Graft-infiltrating B cells seem to play a minor role in the setting of active AMR, although a few studies have suggested an accumulation of B cells in the tertiary lymphoid structures that can develop in chronically rejected allografts [38]. This finding will be addressed later on. Aguado-Dominguez et al. showed that B cells represented 10% of the total interstitial inflammatory infiltrate [20]. In a multiplex IF study performed by our group from 125 rejection kidney biopsies, including 69 AMR, B cells accounted only for 3.4% of the infiltrating inflammatory cells (M1 and M2 macrophages, NK cells, T and B lymphocytes) during AMR (unpublished data). Importantly, the presence of CD20⁺ B cells did not correlate with positive C4d staining, suggesting that the presence of CD20⁺ cells in the allograft was independent of the presence of circulating DSA, produced by bone marrow or spleen-resident plasma cells [39, 40]. In another study, based on mRNA gene expression profiles in 21 cases with early AMR (diagnosed on average on the 9th day post-surgery), Viklicky et al. found that biopsies with a low expression of CD20, FoxP3, and TGF-β1 had an increased risk of graft failure in the next year [41].

Chronic active AMR (CA AMR) is suspected when there is persistent, ongoing MVI with added features of transplant glomerulopathy (TG) and lamellation of the lamina densa of PTC as demonstrated by electron microscopy [3]. The exact mechanisms that lead to this pattern of injury are not yet fully understood [42], although recent studies that looked at gene expression profiles are starting to decipher the involved molecular pathways [43]. Adam et al. studied a panel of 34 genes in 197 non-human primates renal transplant biopsies and found 3 endothelial genes (VWF, DARC, CAV1) that correlated with the development of chronic glomerulopathy [44]. Interestingly, expression of these 3 genes was associated with C4d positivity (p < 0.001) and DSA positivity (p < 0.001) when compared to C4d negative and DSA negative cases [44]. Another study, based on gene expression profiling of chronic AMR, identified genes suggestive of NK cells, cytotoxic lymphocytes and activation of macrophages [45]. Interestingly, in this study, C4d-negative DSA-negative TG biopsies exhibited higher expression of cytotoxic T cell-associated transcripts, in keeping with enhanced T cell activation. A very recent study, based on the use of bulk RNA-sequencing, reported a significant increase in NK cell cytotoxic and T cells transcripts in biopsies with chronic AMR when compared to active AMR. Moreover, this study showed that CA AMR shared molecular features with TCMR, whereas neutrophils and monocytes-related pathways were predominantly involved in active AMR [46]. Deconvoluted RNA-sequencing data analysis also unveiled that the proportion of NK cells in situ was higher in CA AMR than in active AMR (p = 0.0038).

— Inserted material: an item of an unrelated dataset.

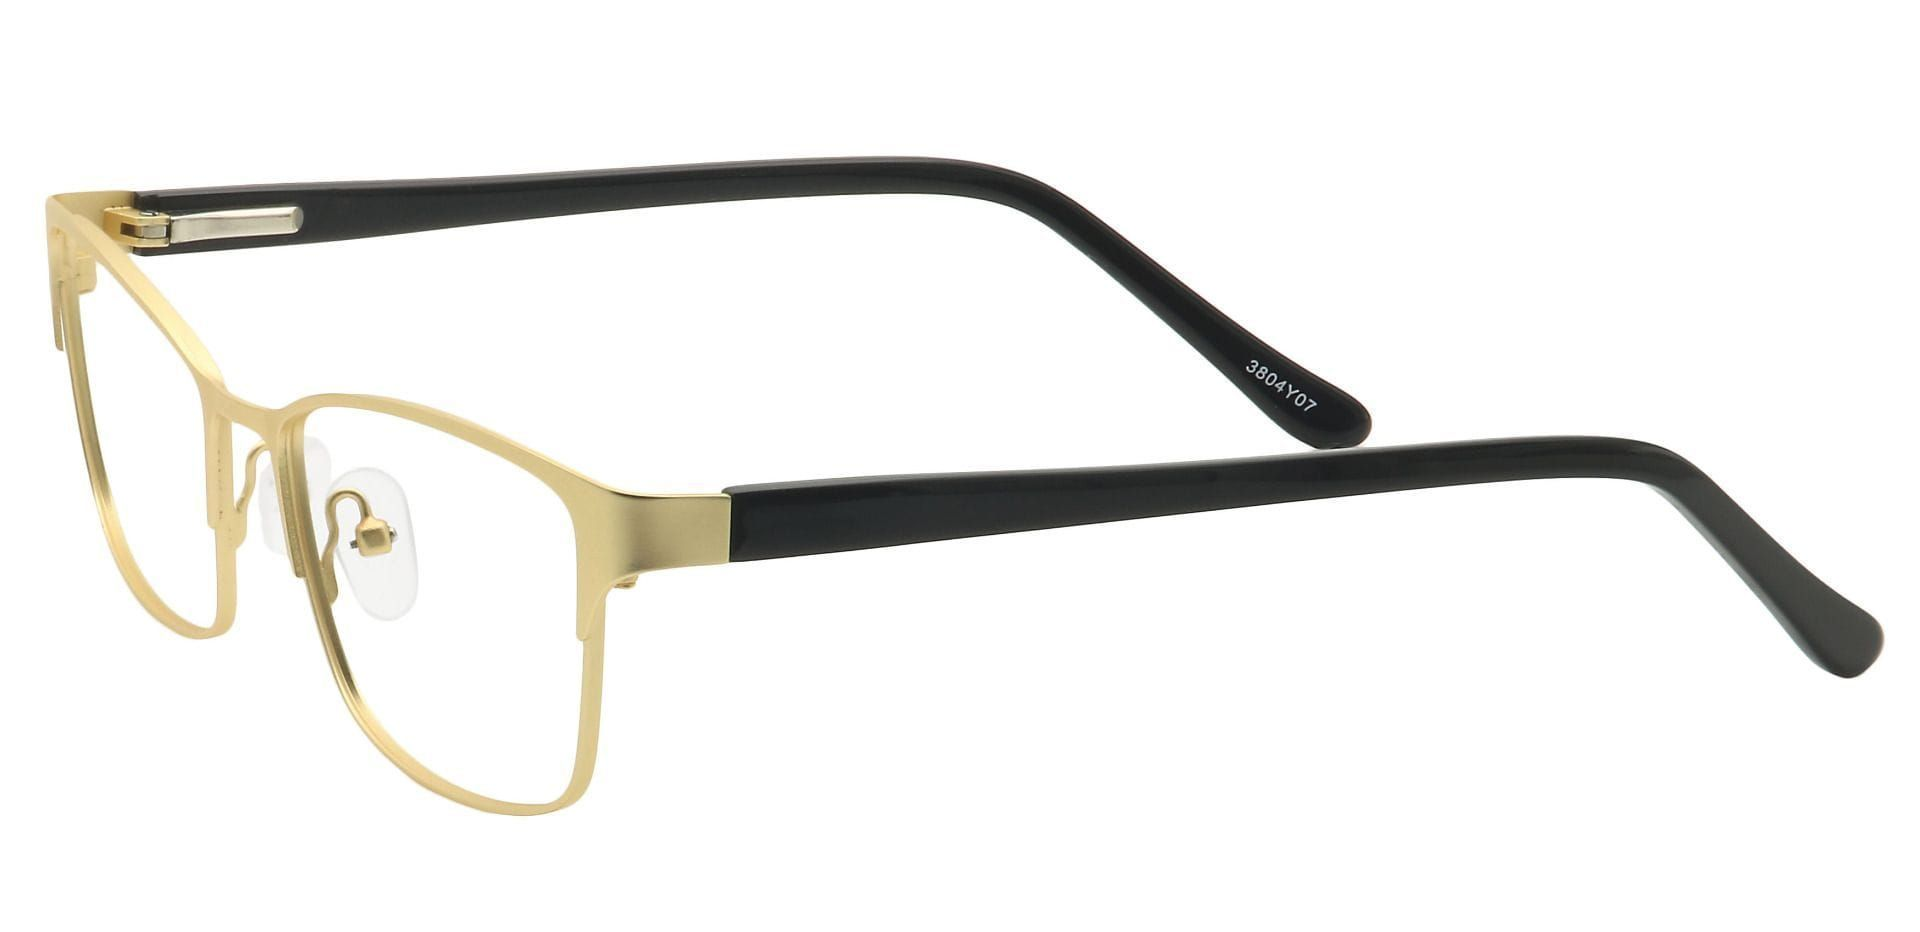 Tella Rectangle Eyeglasses Frame - Yellow

Recently, Cristoferi et al. investigated the differences between graft biopsies with either the diagnosis of TG C4d-/DSA- or TG C4d+/DSA+, through multiplex IF and bulk transcriptomics [47]. In line with the conclusion drawn by an above-cited study [46], C4d-/DSA-cases had higher numbers of CD3⁺ T cells and a higher expression of cytotoxic T-cell-associated mRNA than their C4d+/DSA+ counterparts. In contrast, the C4d+/DSA+ group had a predominance of infiltrating macrophages, NK cells and neutrophils [46, 48]. In the above-cited study from Aguado-Dominguez et al., 18 biopsies were diagnosed with CA AMR and disclosed an increased number of T cells and macrophages in the interstitial and glomerular compartments, with 39% of CD4⁺ T lymphocytes, 18% of CD8⁺ 18%, 6% of M2 macrophages, 4% of M1 macrophages and 2% of FOXP3+ cells [20]. CD138+ plasmocytes were also readily detected in CA AMR, unlike in active AMR (p < 0.05).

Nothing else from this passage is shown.